### Activity
Beginning with the line that holds "Princess Belle Disney Costume" and ending with the last line below, repeat each line exactly, leaving any pictures out.

### Material provided

....

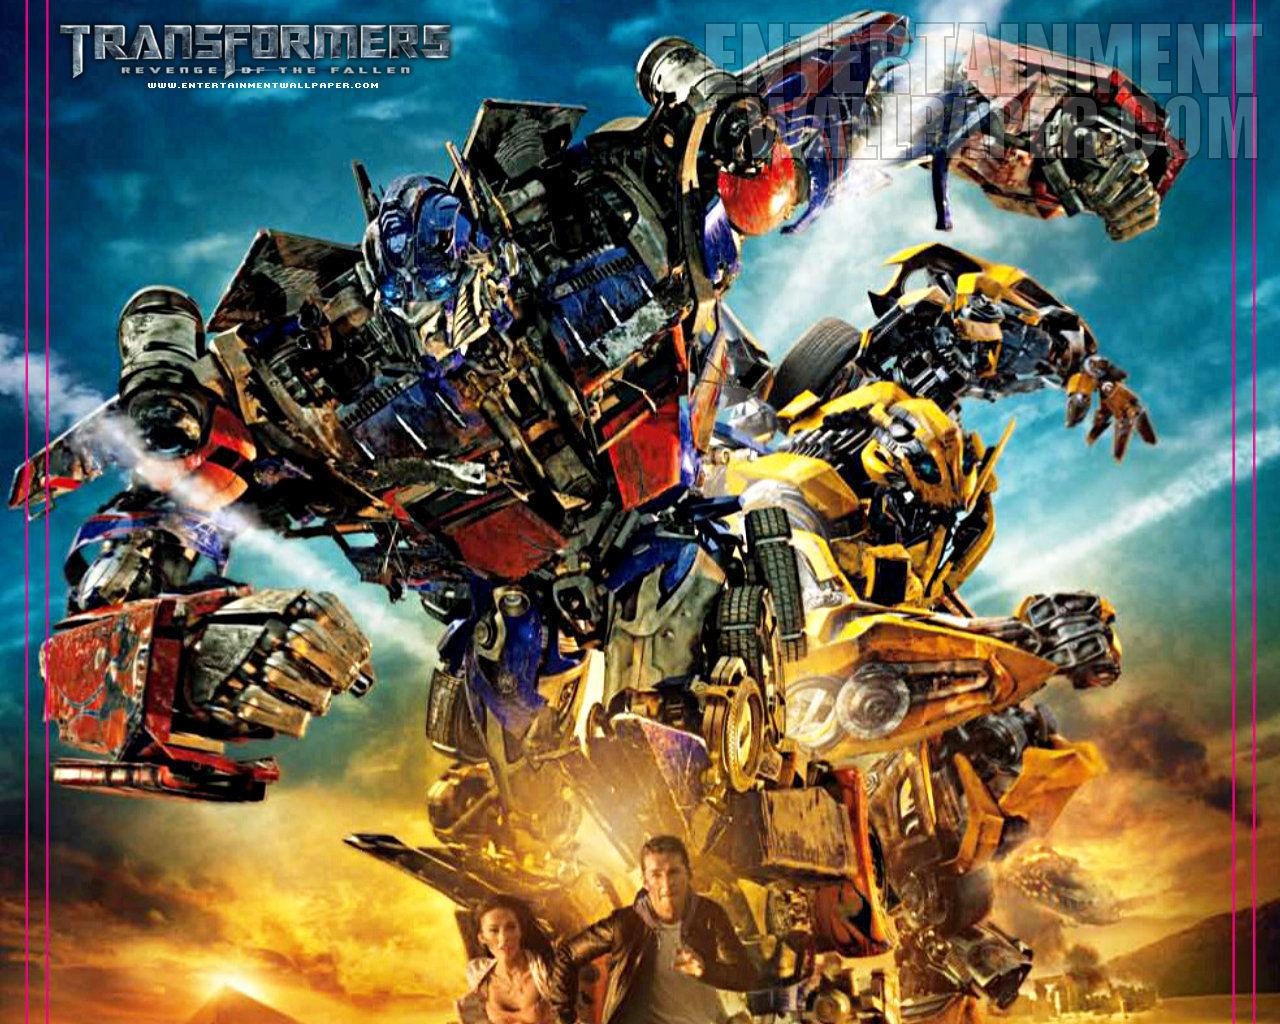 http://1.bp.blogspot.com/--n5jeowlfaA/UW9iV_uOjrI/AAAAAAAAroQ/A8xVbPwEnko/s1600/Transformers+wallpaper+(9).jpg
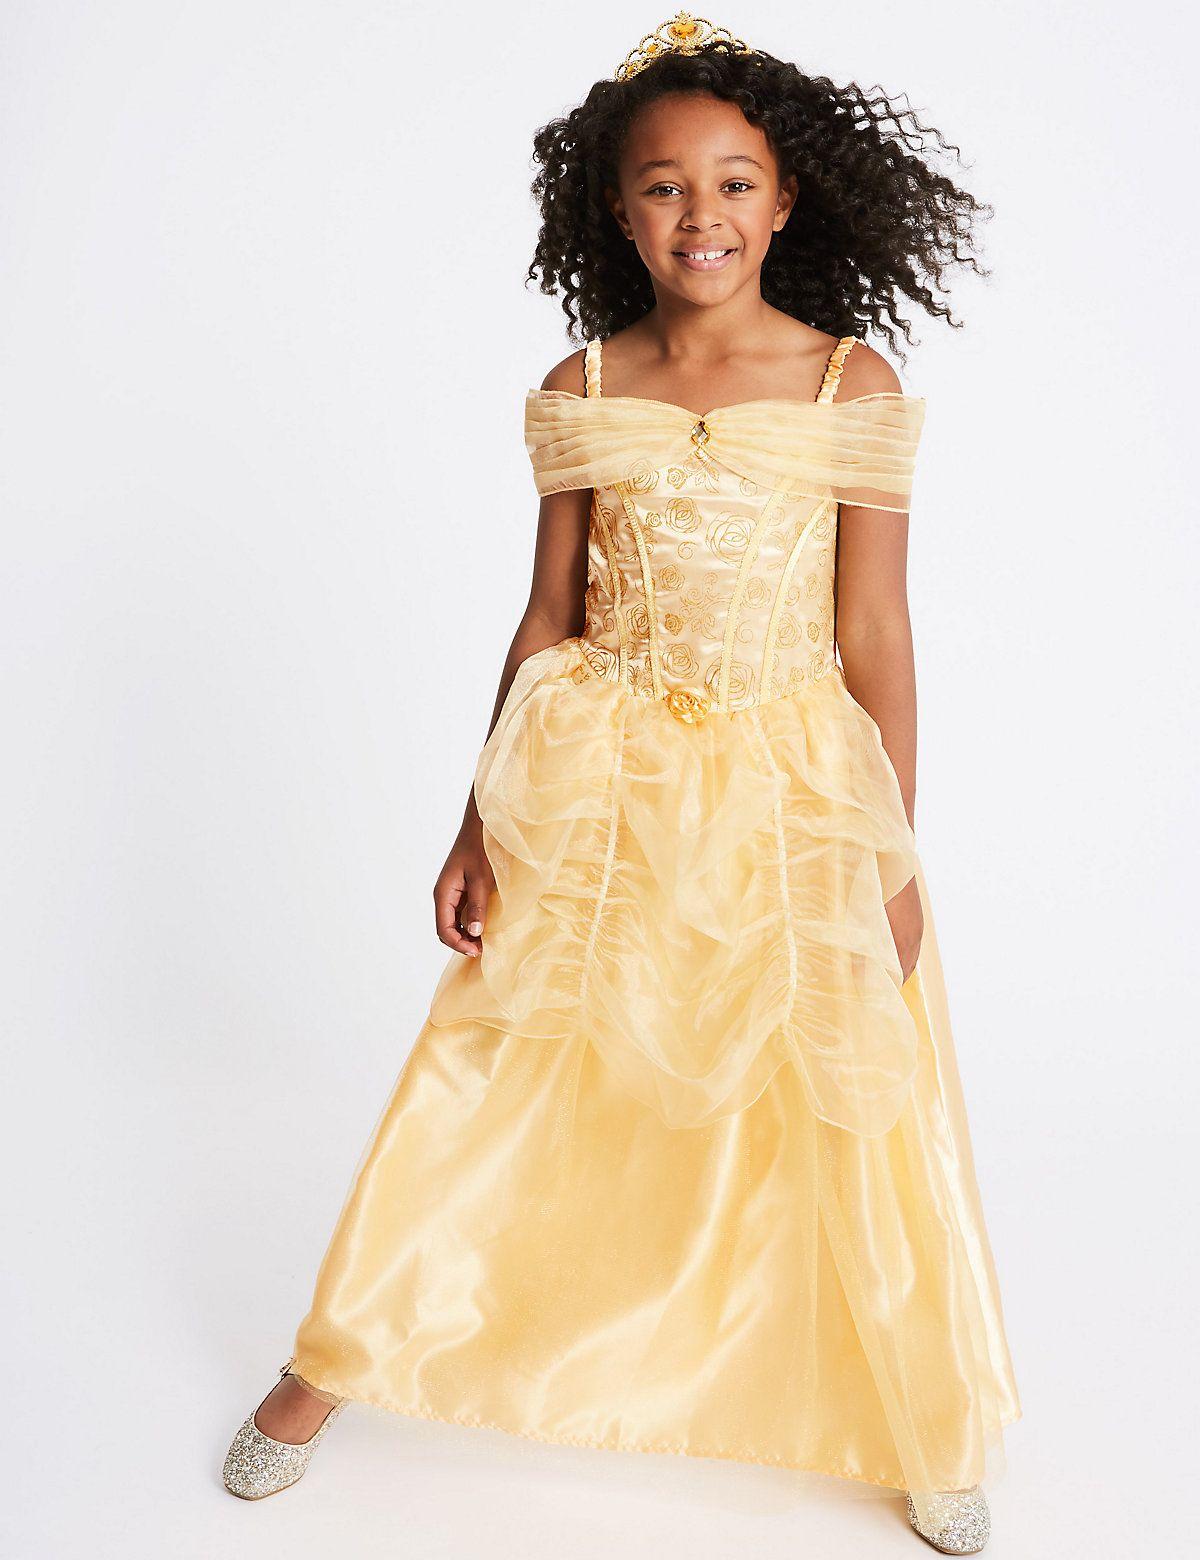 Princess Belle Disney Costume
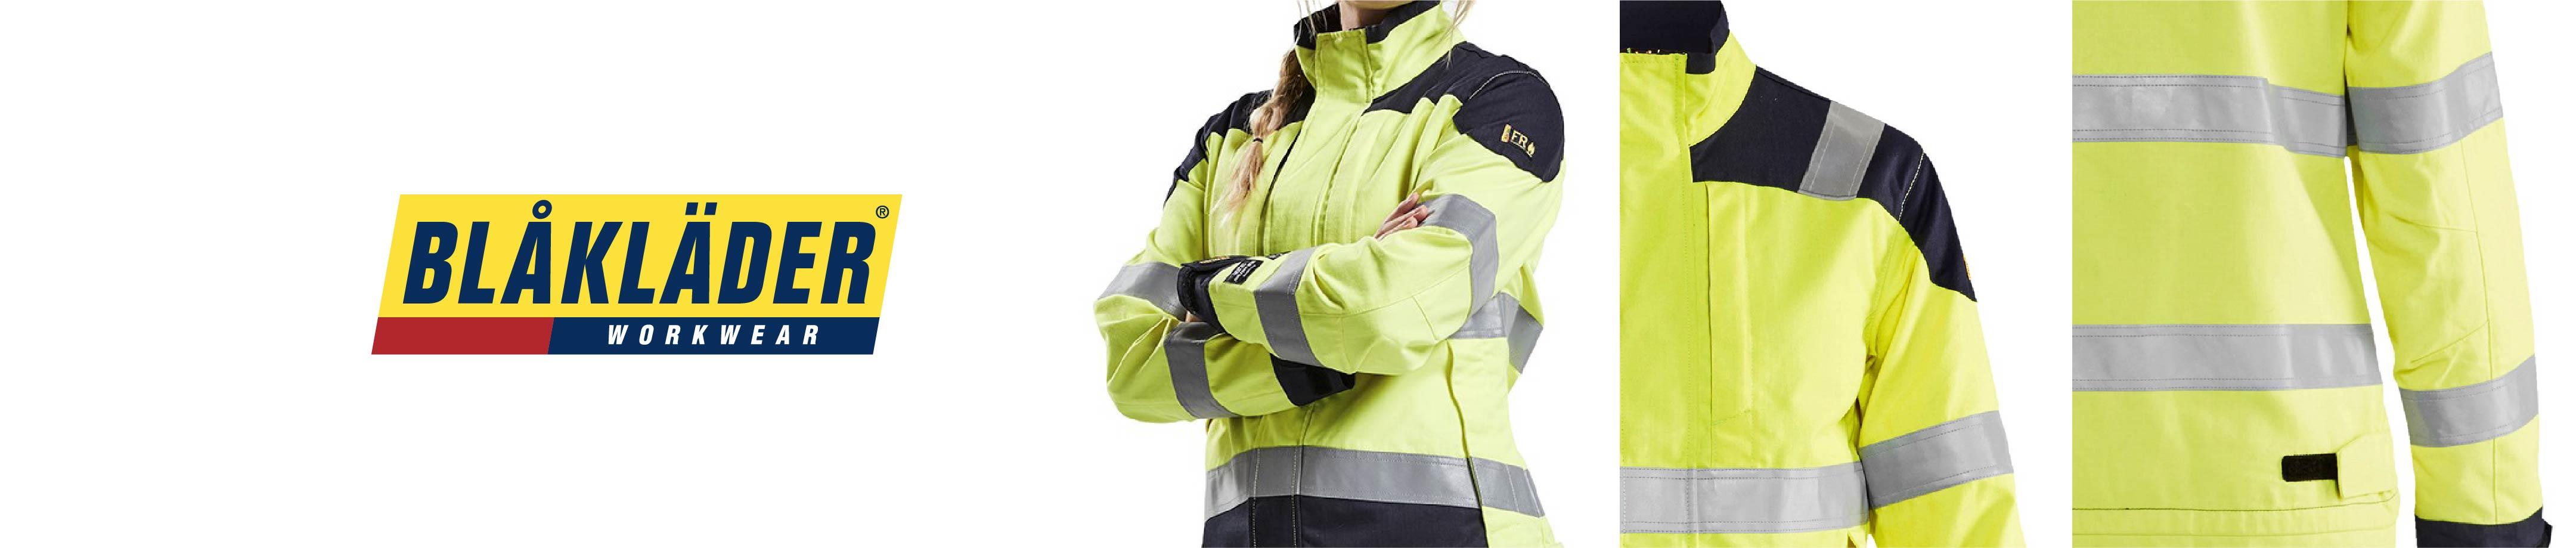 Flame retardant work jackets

....

### Solution to this task
 Princess Belle Disney Costume
 Flame retardant work jackets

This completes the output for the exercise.